Investigation of Composition and Processing Parameters on the Mechanical Properties of Magadiite/SBR Composites

摘要

This work investigates mechanical reinforcement and energy dissipation in styrene-butadiene rubber (SBR) composites containing sulfur-functional, organosilane-modified magadiite (MGD), a layered silicate (Na2Si_(14)O_(29)·9H2O). MGD has plate-like active filler particles with surface chemistry similar to precipitated silica. Previous research demonstrated that MGD/SBR elastomers have better mechanical properties than silica/SBR composites with the same filler weight loading. MGD has significantly higher specific surface area than silica, and both the SI-69 coupling agent and SBR can access the MGD interlayer space, resulting in superior reinforcement. This work aims for a deeper understanding of reinforcement mechanisms in MGD/SBR composites by investigating more deeply the influence of composition and processing parameters on composite mechanical properties.

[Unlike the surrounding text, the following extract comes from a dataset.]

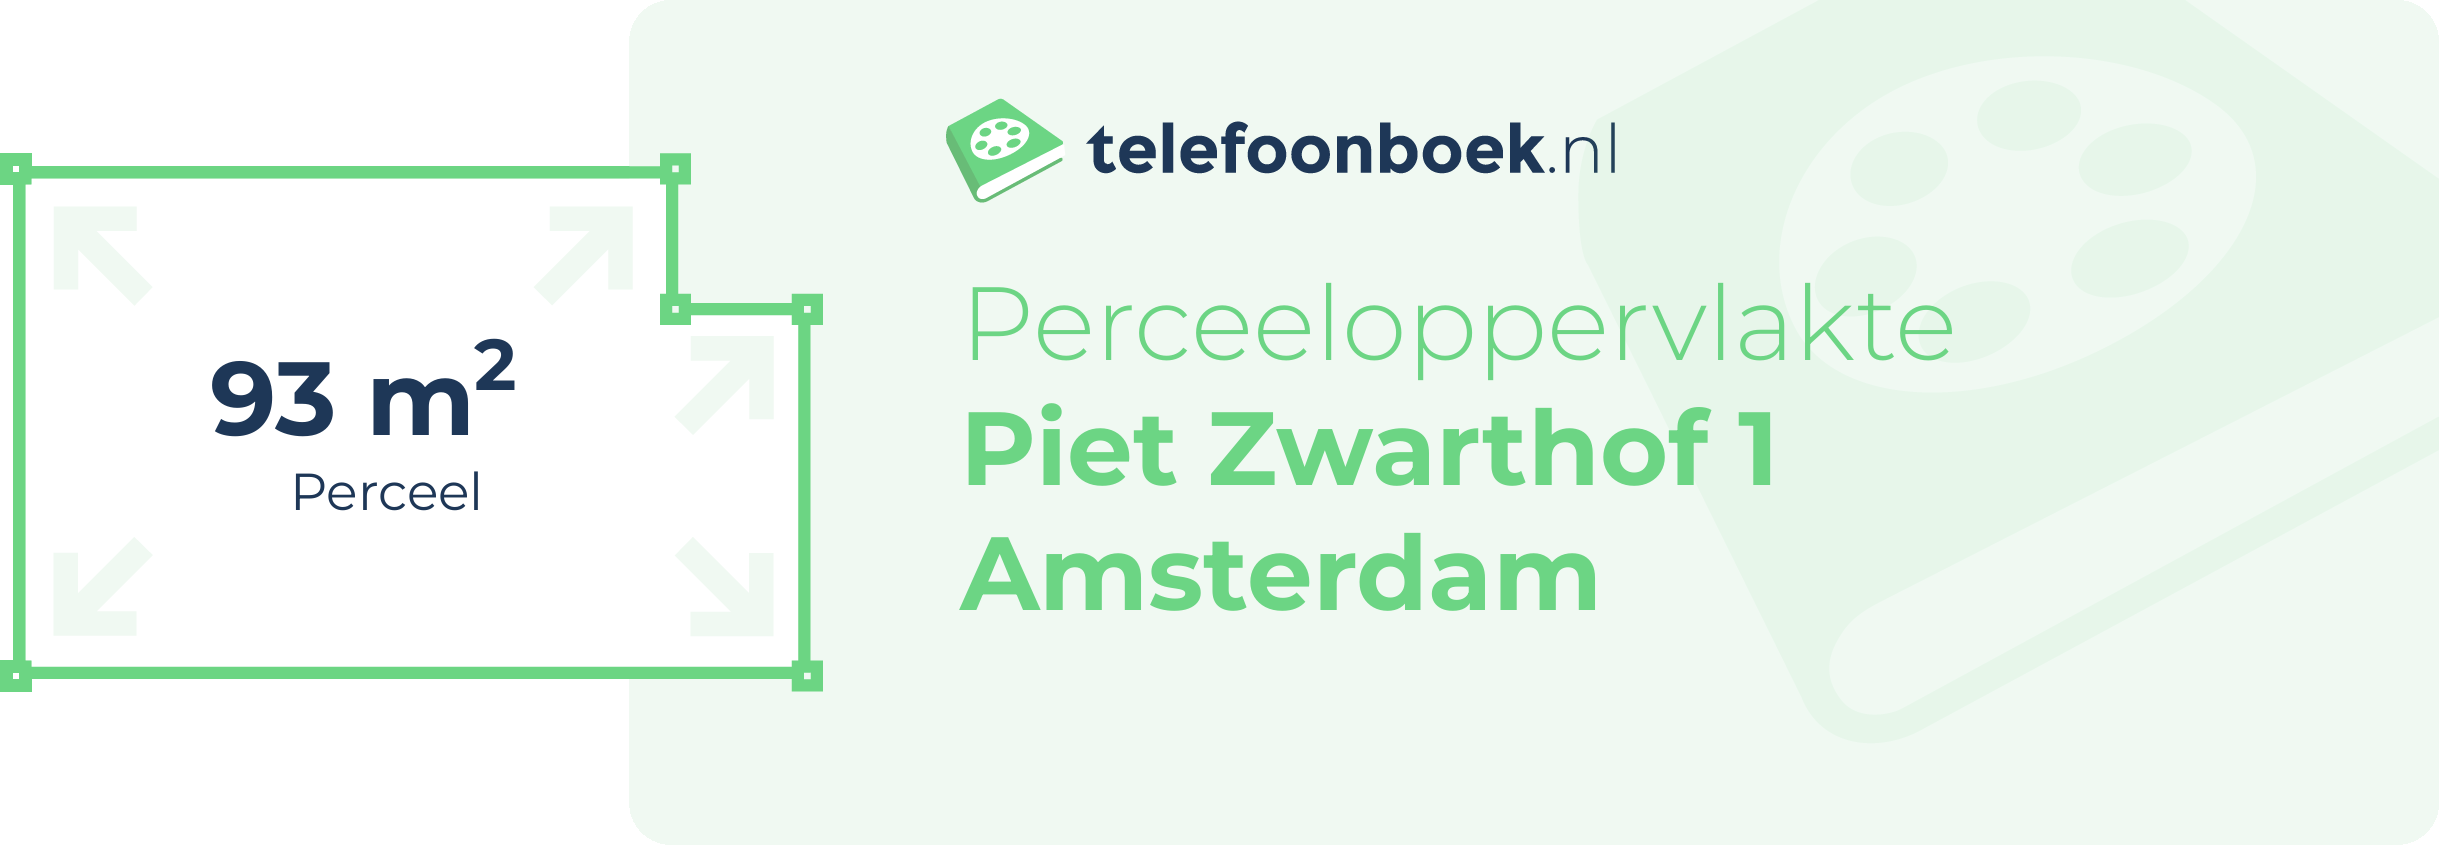 Perceeloppervlakte Piet Zwarthof 1 Amsterdam

We treat MGD with cetyl trimethyl ammonium (CTA), dodecyl pyridinium (DP) and hexadecyl ammonium (HDA) cations to produce "organo-MGD" materials with varying initial interlayer spacing. Using these materials, we explore the hypothesis that larger organo-MGD spacing will permit greater access of SBR into the MGD interlayer gaps. We prepare cross-linked MGD/SBR samples with varying organo-MGD materials, varying levels of SI-69 addition, and varying mixing time to study the influence of those factors on mechanical reinforcement. All samples are characterized by XRD after mixing, milling, and curing steps to help us understand at what stage SBR enters the MGD interlayer. DMA and tensile testing quantify the mechanical properties. This work will help us better understand the impact of non-spherical filler particle shape on reinforcement mechanisms and energy dissipation in platelet-filled elastomers.